I use simple spreadsheets for almost everything. I use them to plan trips and keep track of things. When I plan a motorcycle trip I use a simple mathematical model to arrange and organize the expenses so that we can share the cost of the trip without getting into the nickel and diming of who paid what to whom or who then owes what to whom. I called that simple model Marinomics and it has become a mainstay and joke within our motorcycle club. The mainstay is that I am always asked to put trips (even ones I am not running) onto the model. Its a joke because no one seems to really want to get down to understand it well enough to replicate it. I should probably sell it as an App for group travel. I bet it is marketable. The best clue is that in 28 years, no one has come up with a better approach to solving the need, and that must say something.

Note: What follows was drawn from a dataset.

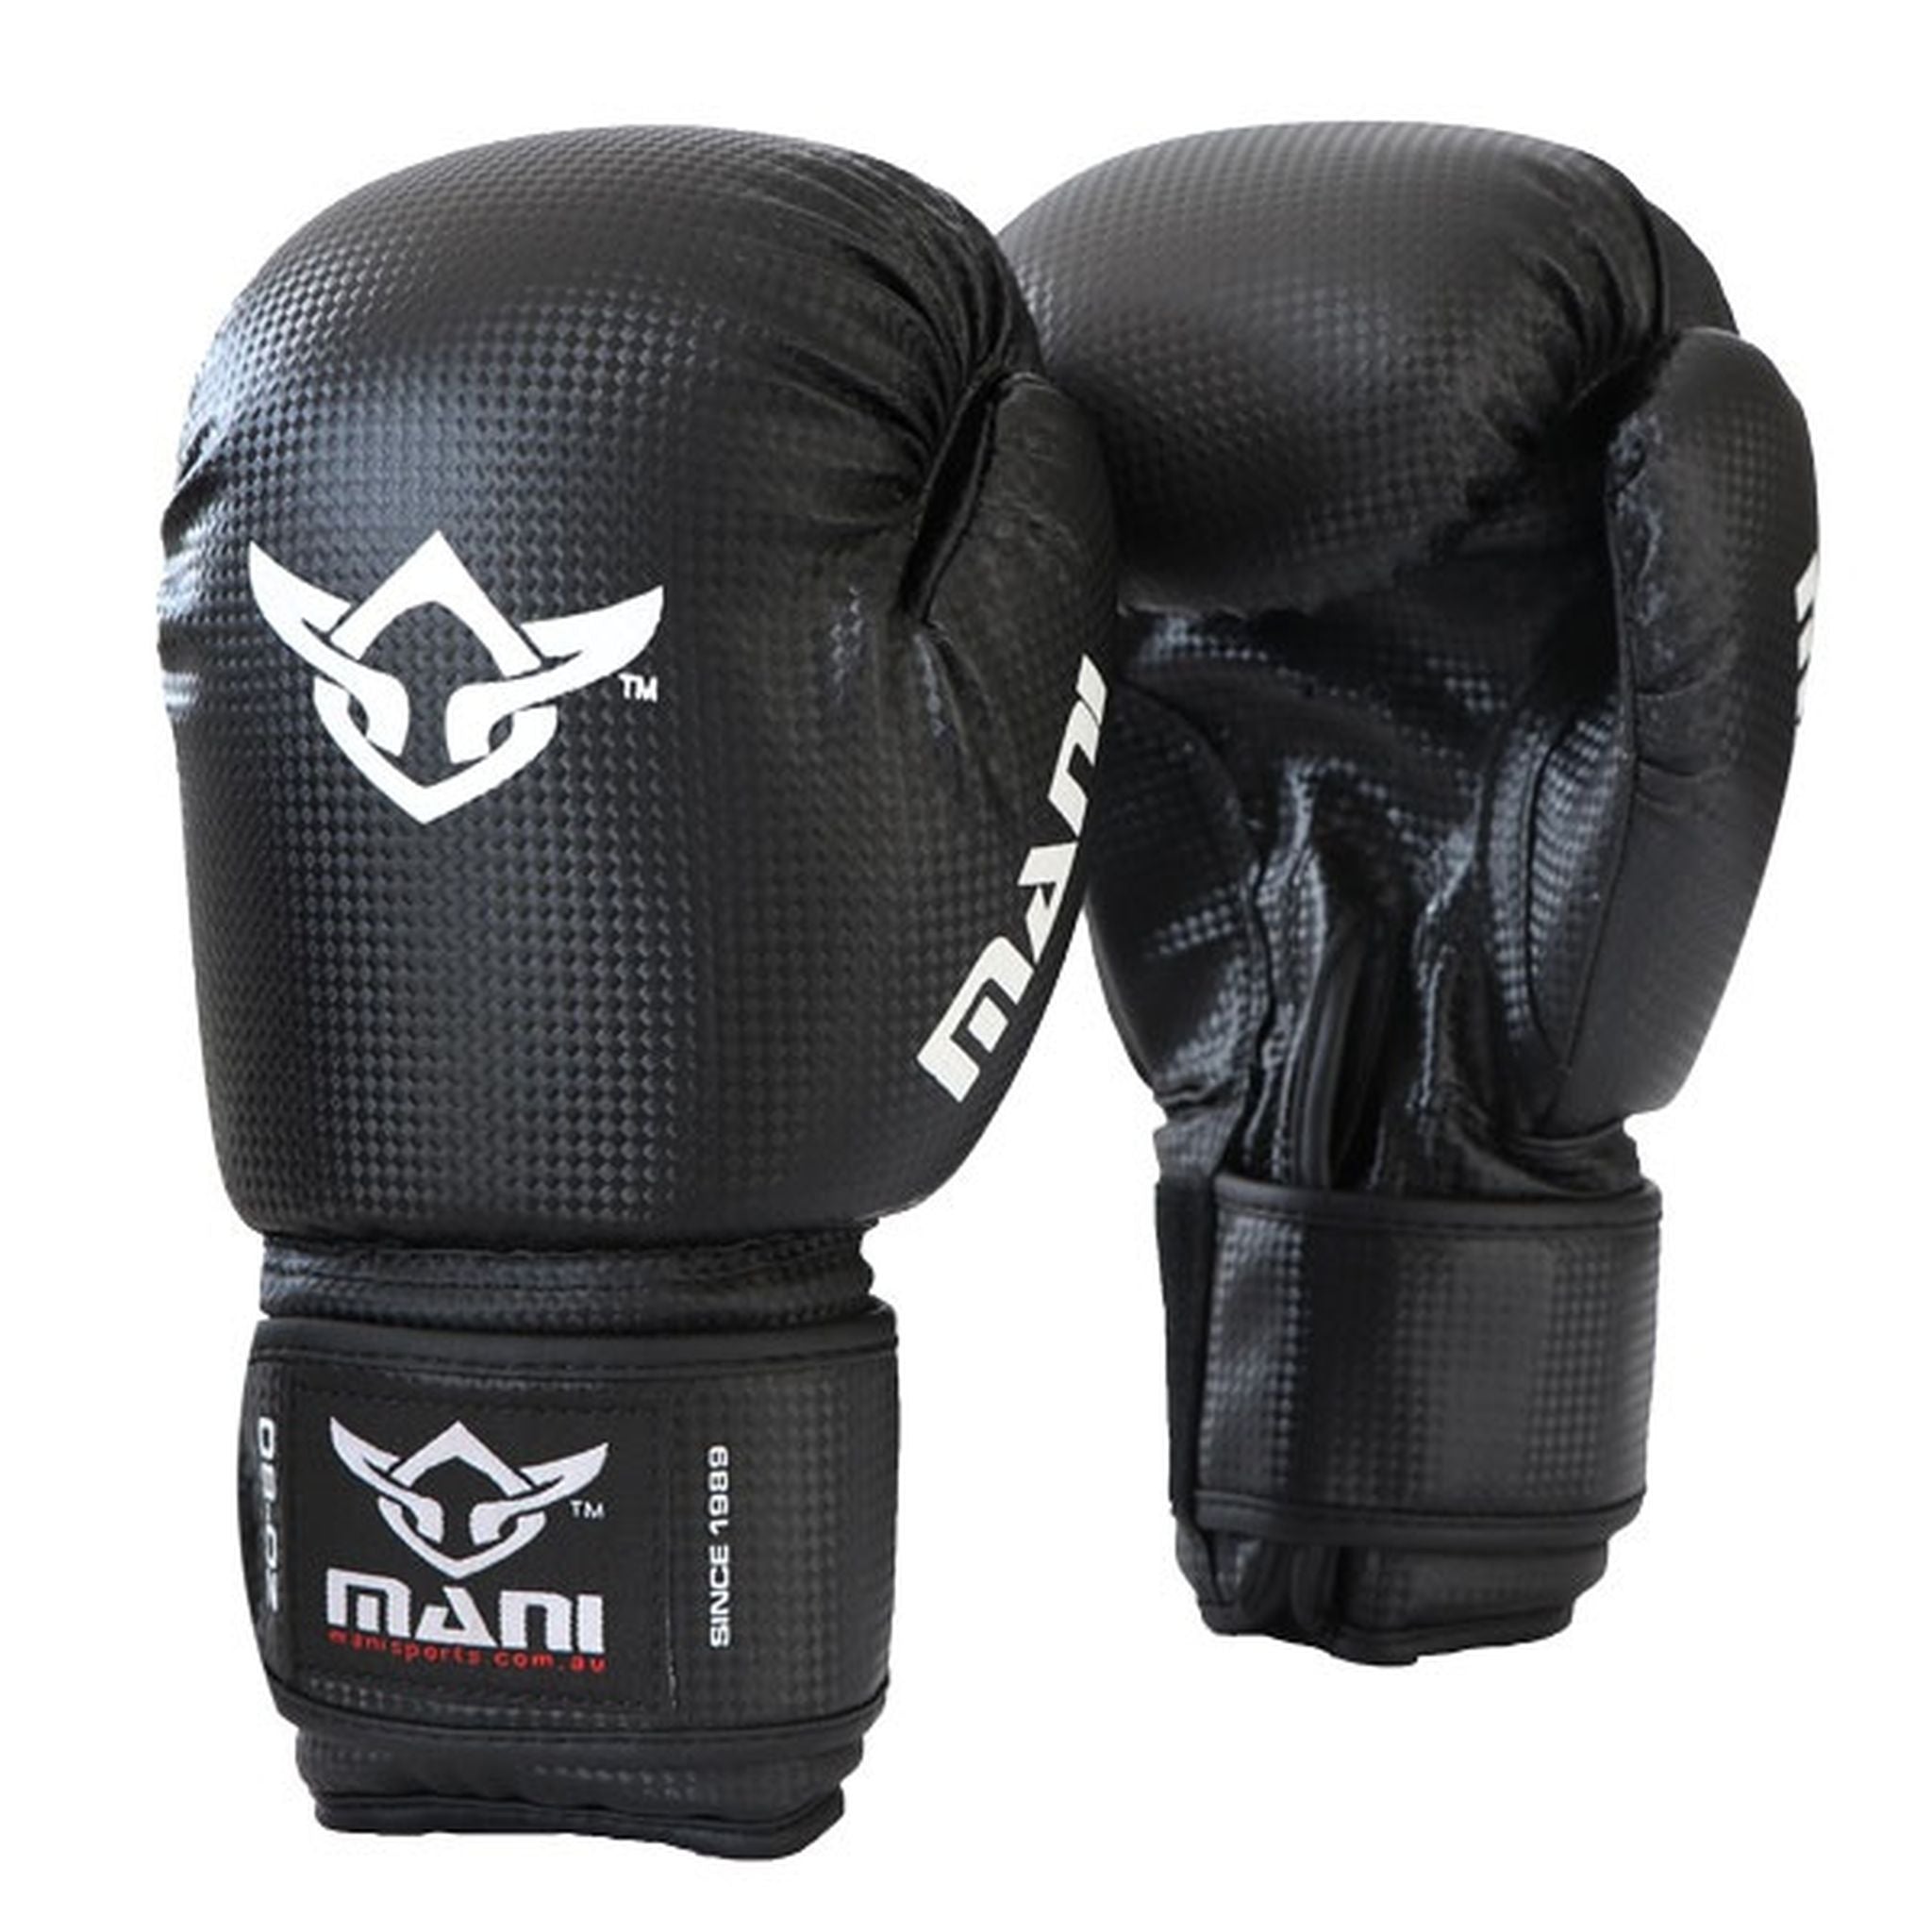 MANI Teenage 8oz Boxing Glove

Just in the last day, I have put together two new spreadsheets to manage my life. The first is for our upcoming trip to SE Asia. I had Mike send me the activities spreadsheet that he put together to record all that he has done to set up our tours during that three-week trip. I’m guessing that he has put together two or three spreadsheets to cover the trip because what he sent me had some, but not all, of the information that I know he has diligently gathered for the six of us on this trip. So, I took his baseline model and started to modify it for the added information that I wanted to have ready access to (like flight departure and arrival information matched off against time). What I was looking to do was to determine exactly where we needed to be at what times and where the gap areas in the schedule existed so that we can book additional tours and/or dining arrangements as we might wish. I am decidedly not trying to overprogram the trip, but rather to get a clear sense of how we want to spend our time and where our optionality exists on the schedule for added or bespoke activities. I know Mike & Melisa like to walk a lot each day. Faraj & Yasuko like that too and are likely to join them on much of that. But I am less walking oriented and I may want other non-walking activities to do that are easily within reach of our locations and that not run the risk of conflicting with other group plans. I find that a spreadsheet is a great way to do that and especially to communicate my thoughts to Kim and the others on the trip so that we can discuss these things as a group.

The other spreadsheet I have created just this morning is a workout spreadsheet, something that many people find useful to track their progress with their physical activity. I am perhaps less goal oriented in this regard than most. I am not trying to reach any particular performance goals like an athlete might, but I do want to track my activity to keep me focused on doing it most every day. I find that the best way to do that is to have a record keeping system that reminds me of when I have become lax. The mere act of recording and measuring your activity helps you maintain it. This is not a new thought…just a bit new for me. So, since I put together my new rowing machine and am all hung-ho on rowing as a source of whole-body workout, I have started keeping track of my rowing workouts. The irony is not lost on me that I am using a column and row tool to keep track of my rowing. Strangely enough, my row sessions are being listed in a specific column as the rows are for days of the week. I doubt there will be complex algorithms built into to my rowing spreadsheet, but who knows. Maybe I will taking column and rowing to new analytical heights.